### The problem
Before printing the listing, strip out its pictures and keep everything else exact.

### Information provided
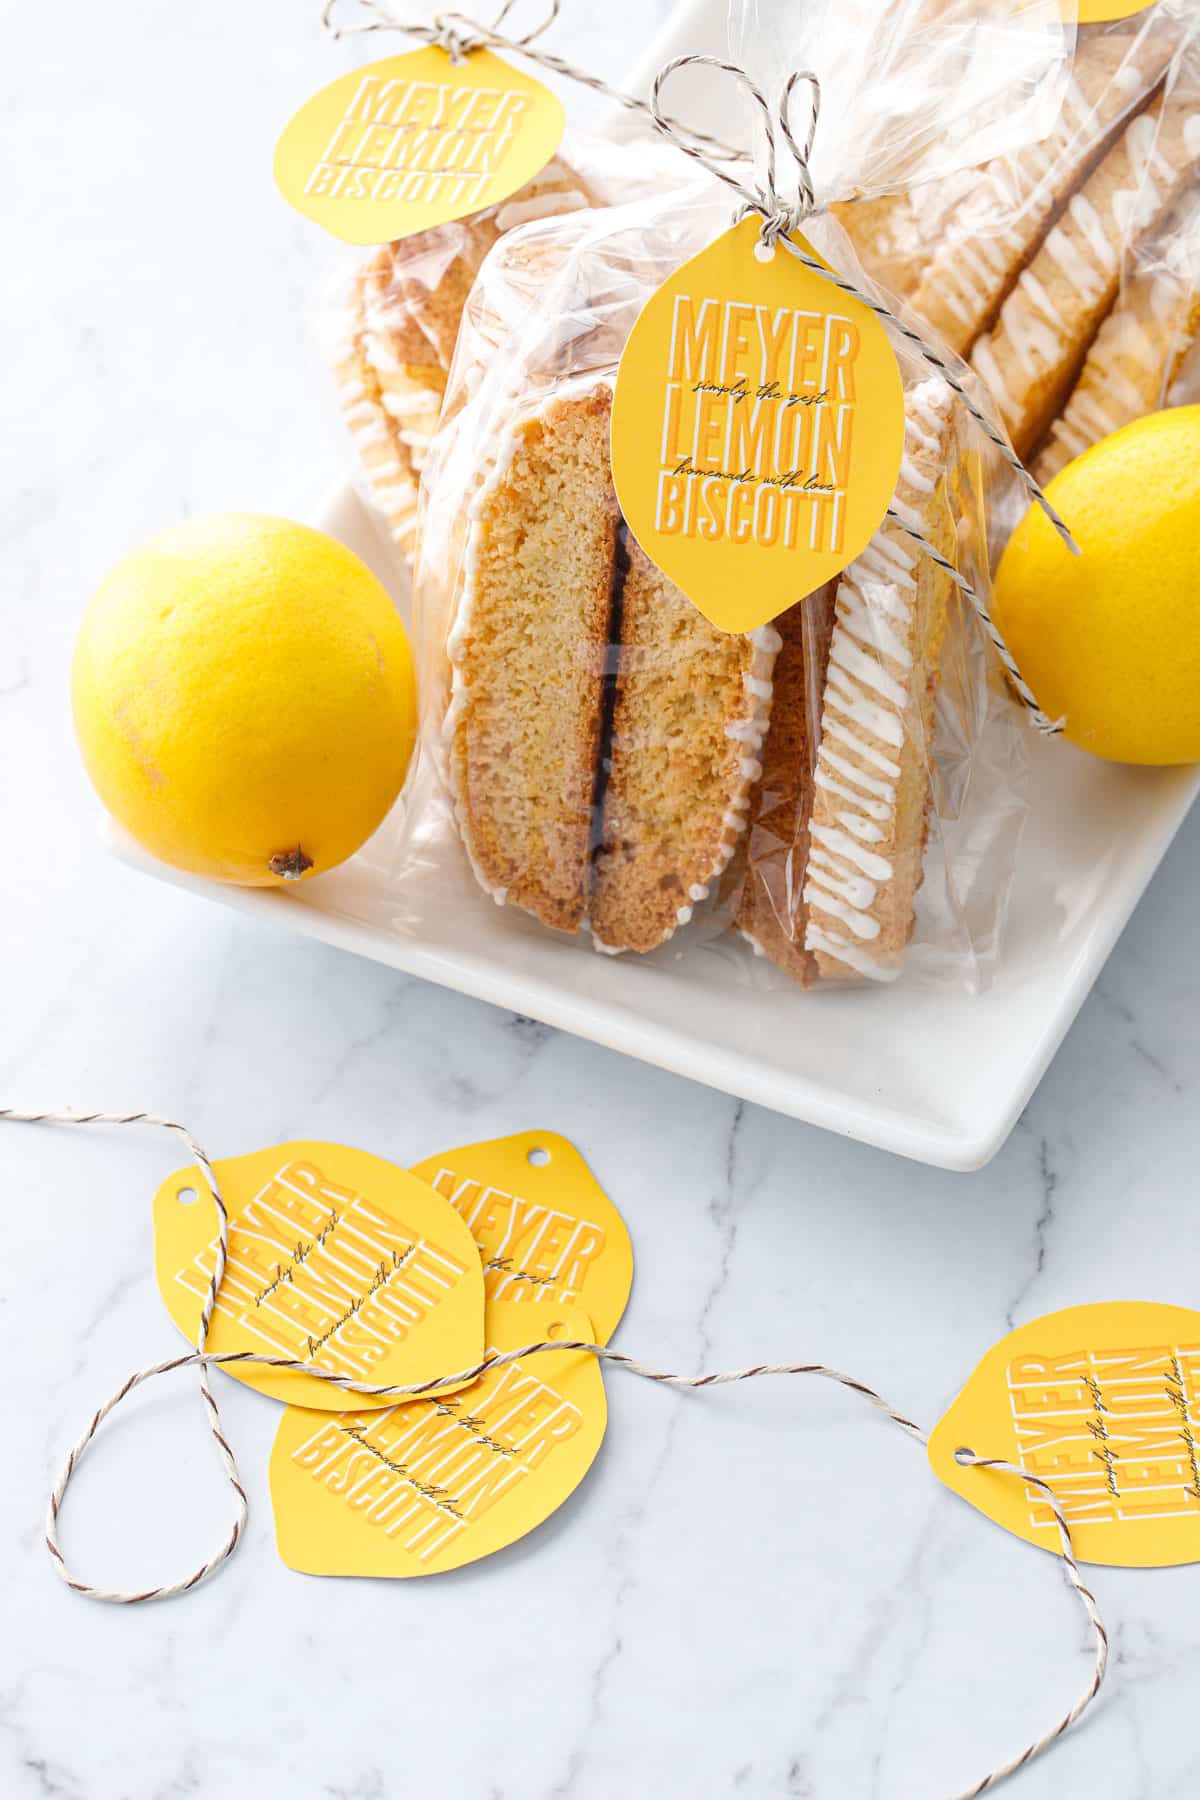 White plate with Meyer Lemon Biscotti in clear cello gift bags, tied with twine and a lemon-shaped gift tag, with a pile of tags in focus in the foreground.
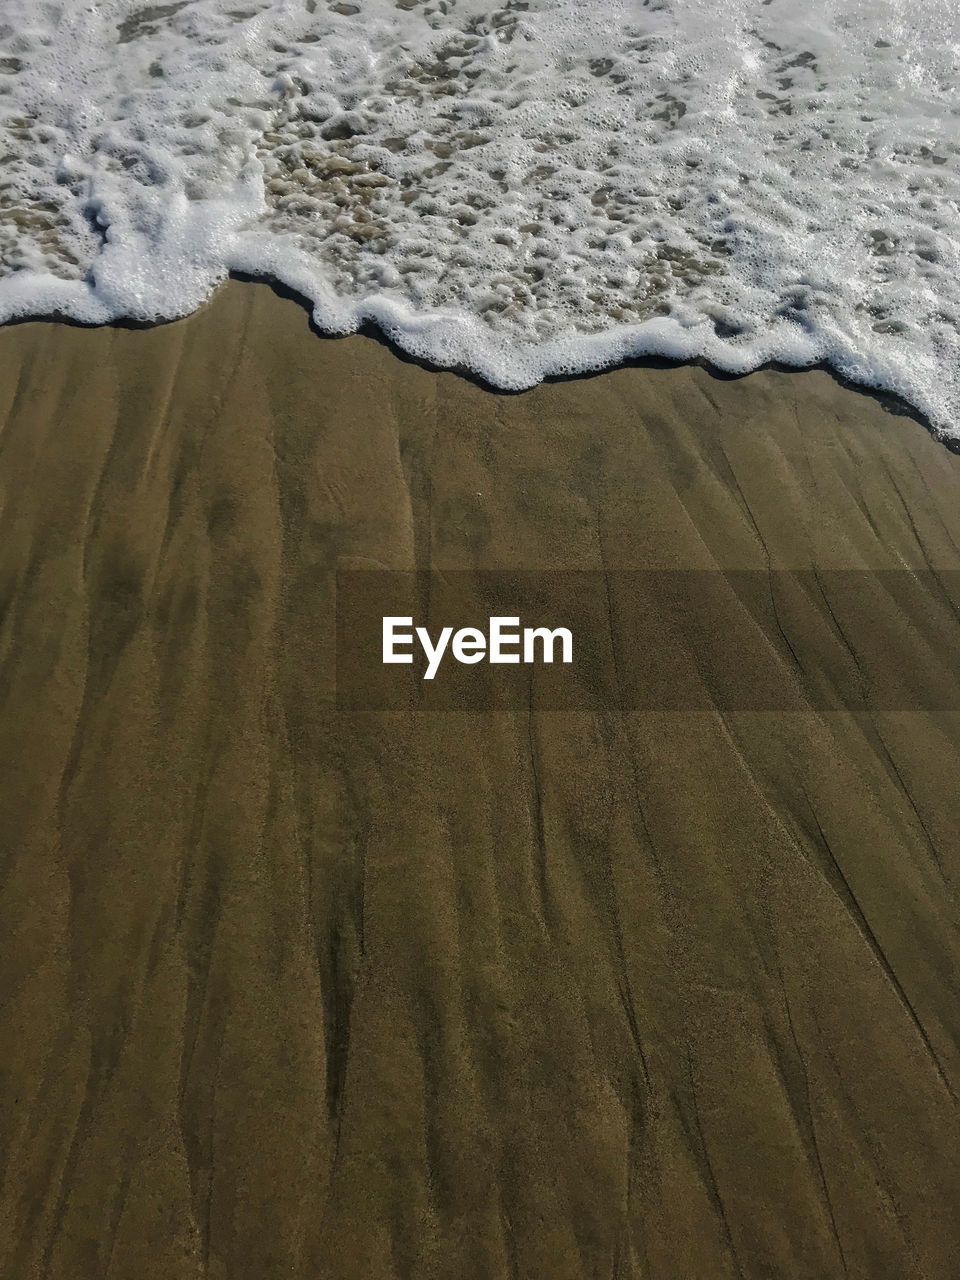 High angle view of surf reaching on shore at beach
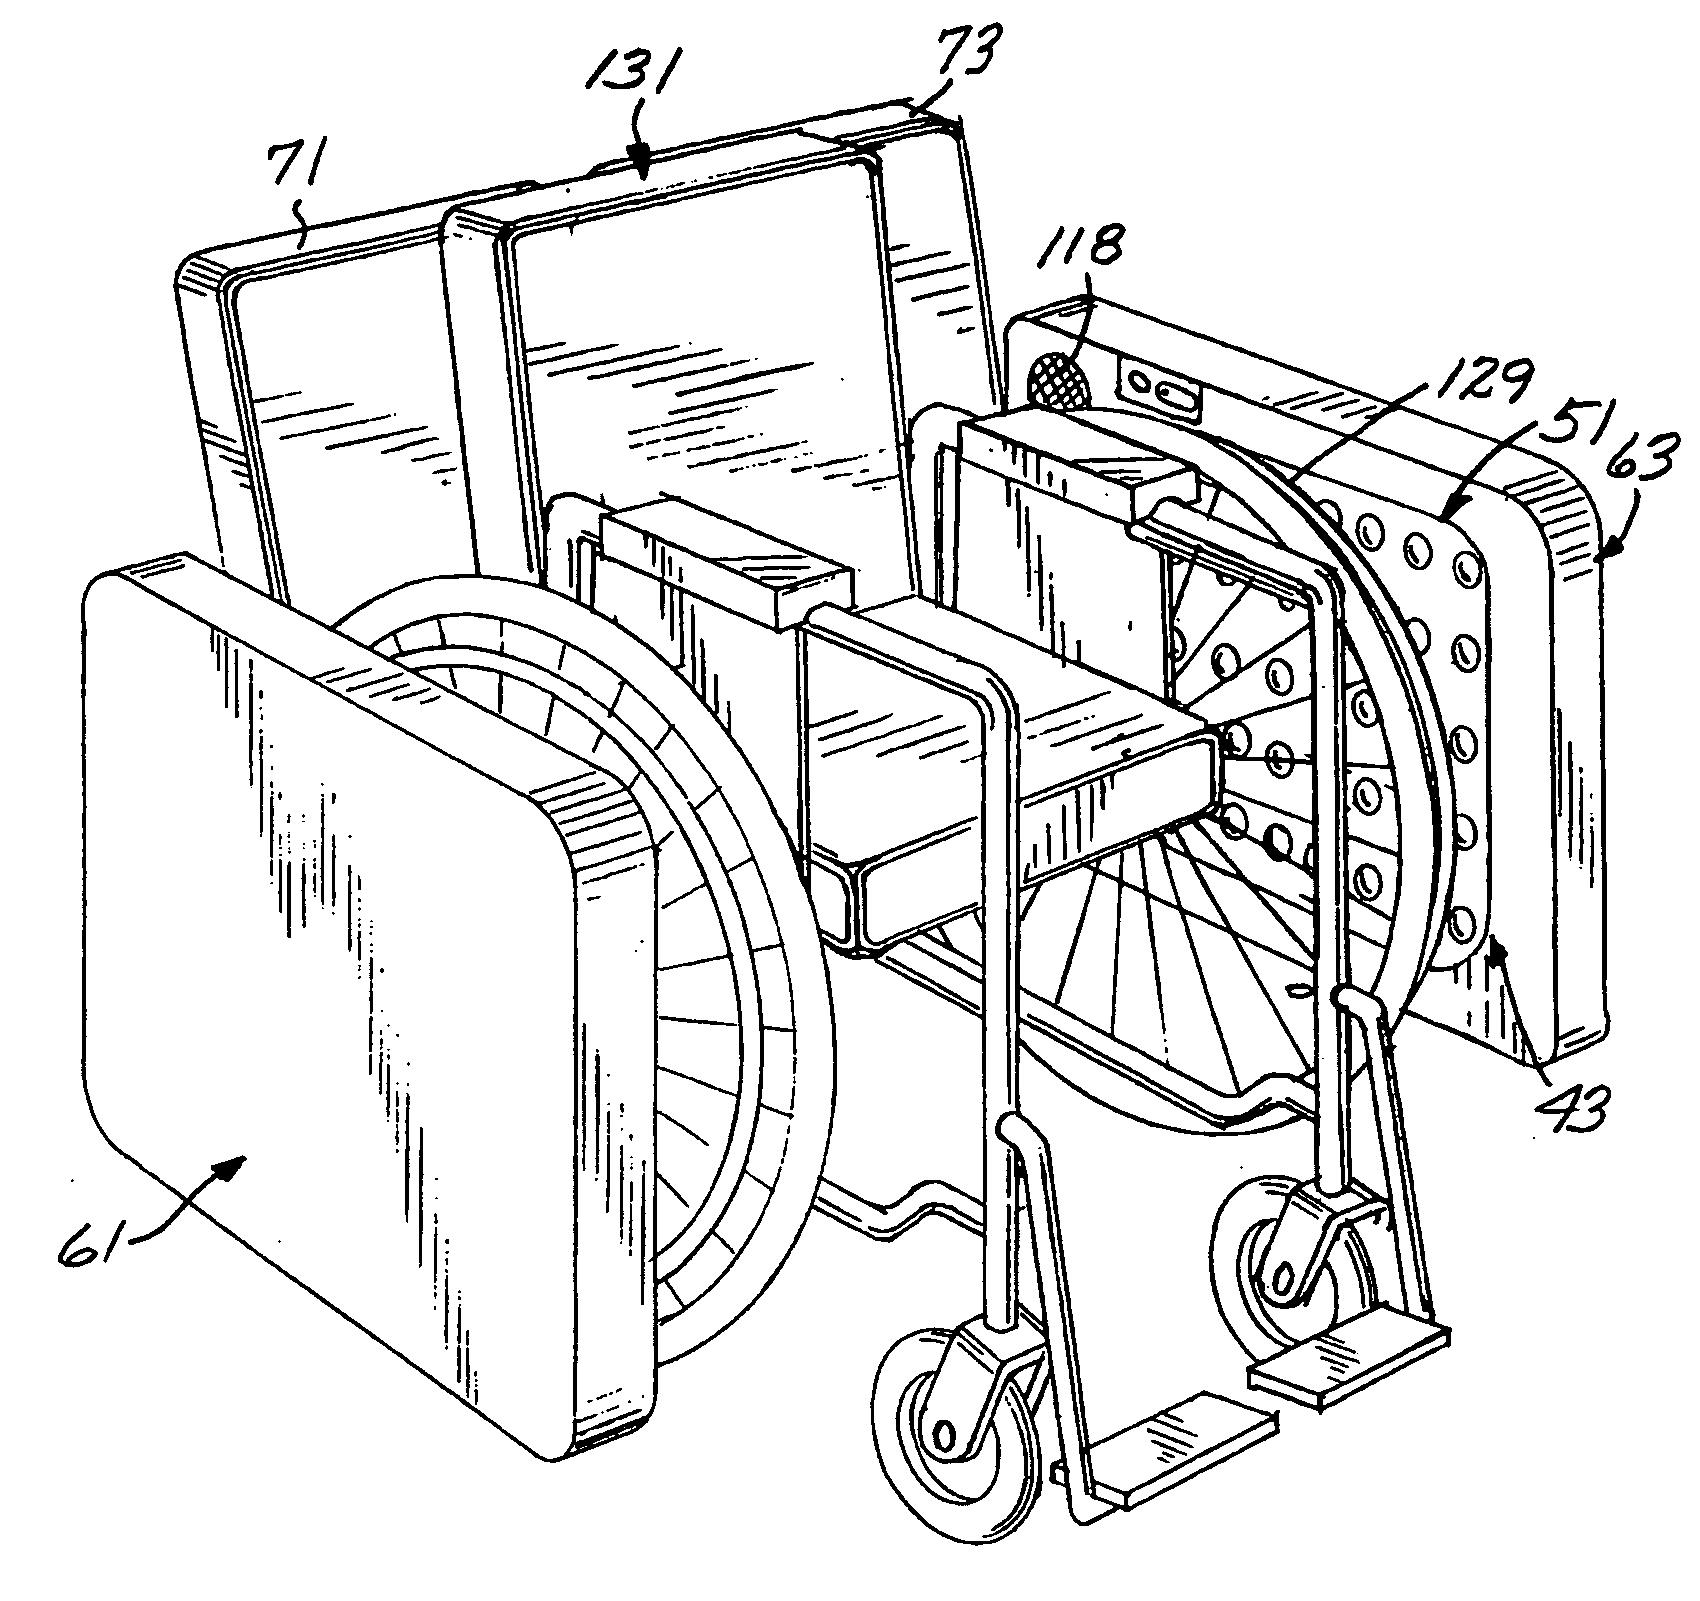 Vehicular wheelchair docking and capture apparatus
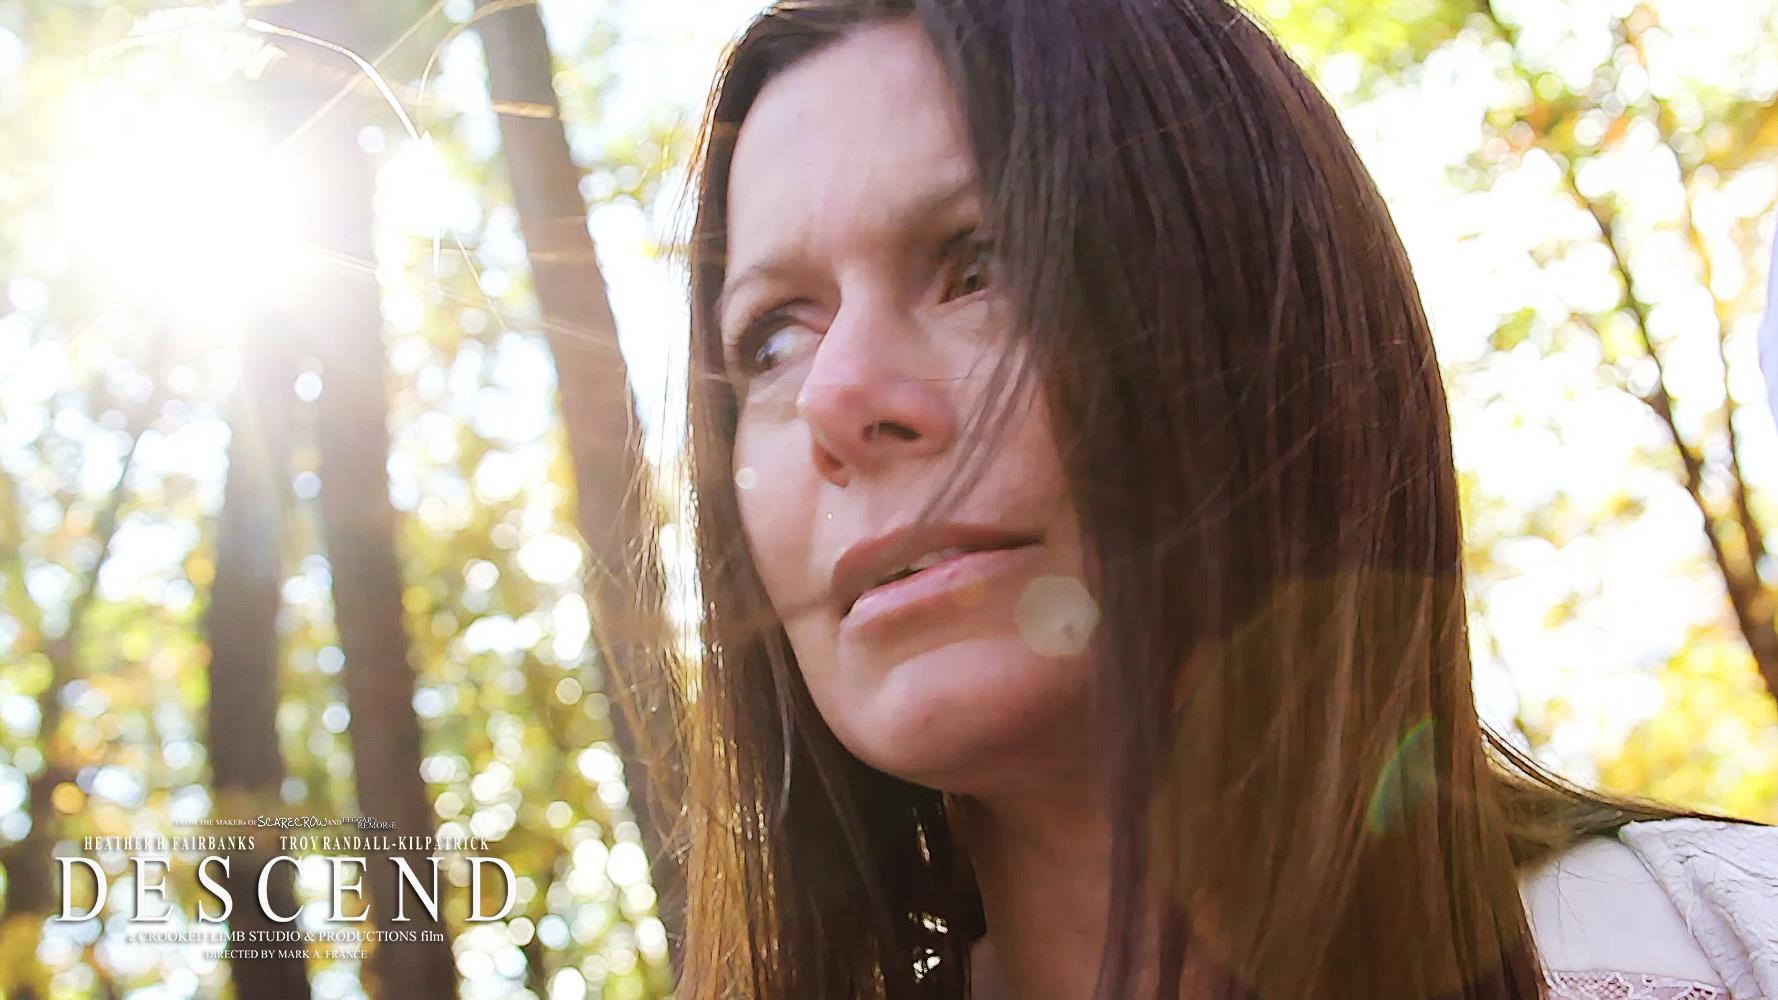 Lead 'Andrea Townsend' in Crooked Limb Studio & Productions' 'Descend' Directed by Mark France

### Expected answer
 White plate with Meyer Lemon Biscotti in clear cello gift bags, tied with twine and a lemon-shaped gift tag, with a pile of tags in focus in the foreground.
 High angle view of surf reaching on shore at beach
 Vehicular wheelchair docking and capture apparatus
 Lead 'Andrea Townsend' in Crooked Limb Studio & Productions' 'Descend' Directed by Mark France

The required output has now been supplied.